Monday, January 17, 2011

Adultery in the Marital Bed

Always poor judgment, sometimes an adulterous liason makes it into the marital bed.  If the cuckholded spouse learns of the at-home trist, the ensuing divorce is very nasty.

This circumstance was recently featured in the NYT.  The article is of note in this blog mostly because it quotes a well-known Michigan divorce attorney; Richard Roane of Grand Rapids.

With New York finally following the rest of the states in 2009, all 50-states now have "no fault" divorce laws on the books.  Each state is different, however, as to how adultery, if and when proven, is factored into the divorce judgment.

The Michigan Penal Code has long-contained a chapter on adultery, defined as, "the sexual intercourse of 2 persons, either of whom is married to a third person." The scope of the criminal conduct includes divorced but cohabiting persons. The statute requires the cuckolded spouse to swear-in as the complaining witness and has a brief statute of limitation; one year.

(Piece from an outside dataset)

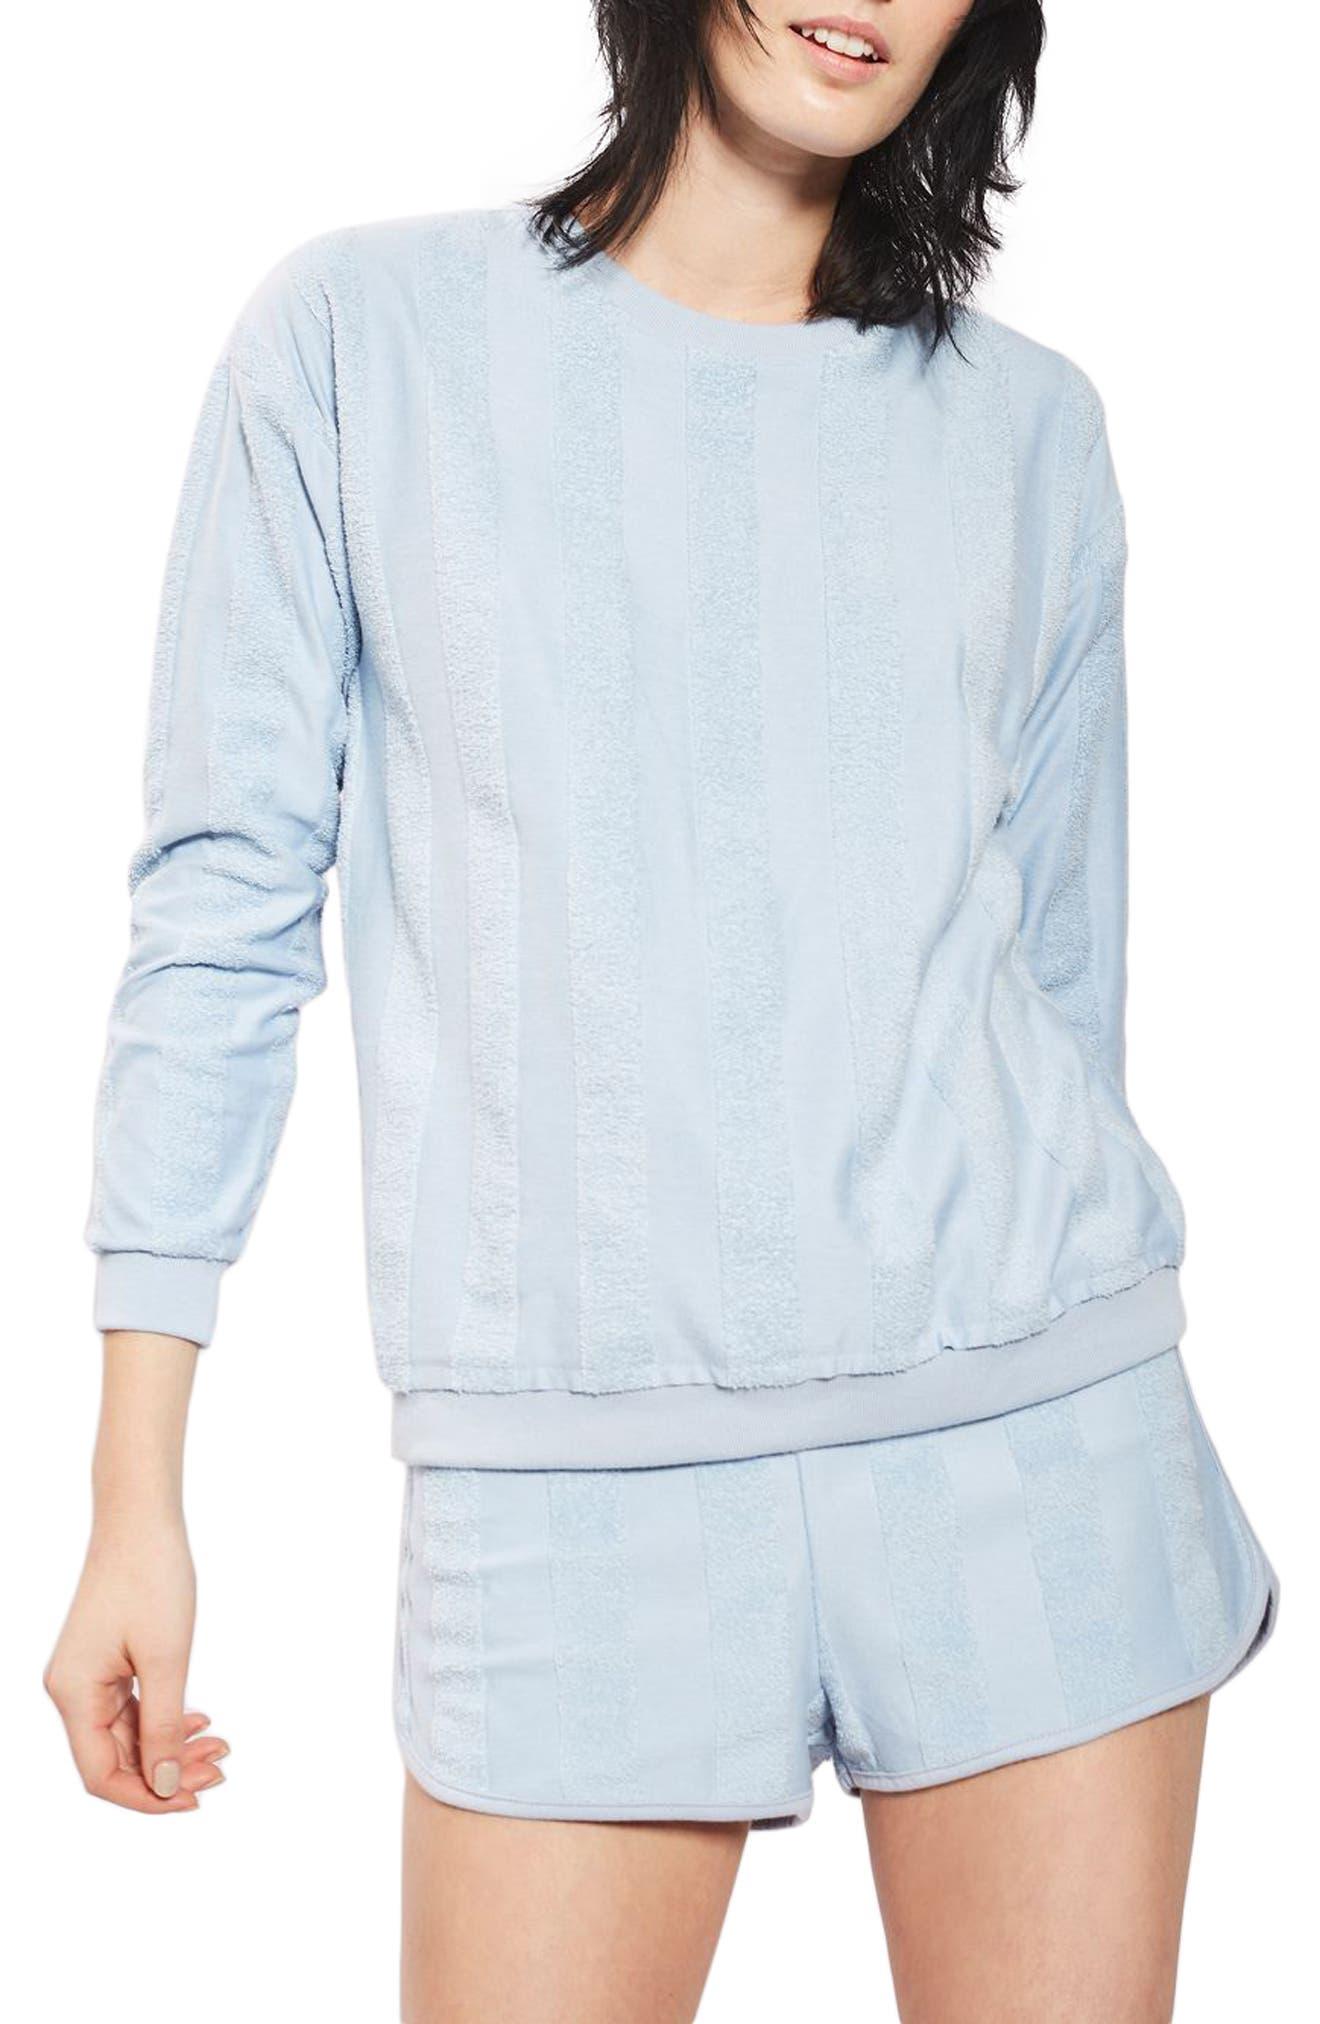 Towel Stripe Lounge Sweatshirt,                         Main,                         color, Light Blue

The adultery statute merged into the penal code in 1931. The caselaw on this "consensual" crime goes back to 1884, in a case from Berrien County; People v Hendrickson.  That case stands for the evidentiary proposition that the testimony of the un-married participant in an adulterous union (the "other woman") can supply the requisite testimony to support a conviction, subject of course, to cross examination.

In the here and now of 2011, Michigan's family courts have adhered to the "no-fault" provisions of the divorce statutes. Adultery is now a matter of private morals, with family court judges free to exercise their discretion regarding the weight to put on allegations of adultery and their attendant consequences in matters of child custody and property division.

State Senator Ron Jelinek has proposed legislation seeking to abolish adultery as a felony.  The proposed legislation, however, has not gone anywhere since being referred to the Senate's judiciary committee shortly after its introduction in February 2009.

Occasionally, the adultery statute is cited in civil cases seeking to apply what is known as the "wrongful conduct" rule which blocks a plaintiff's attempt to gain from an adulterous relationship.

Immoral, but all too common, adultery has always posed a serious threat to the traditional family unit. Adultery, however, is a rarely charged felony. Thus, it's persistence within the penal code, particularly the anti-cohabitation provision, bloats the Michigan Compiled Laws with anachronistic provisions. Transgressions are best addressed within the discretion of the family court judges.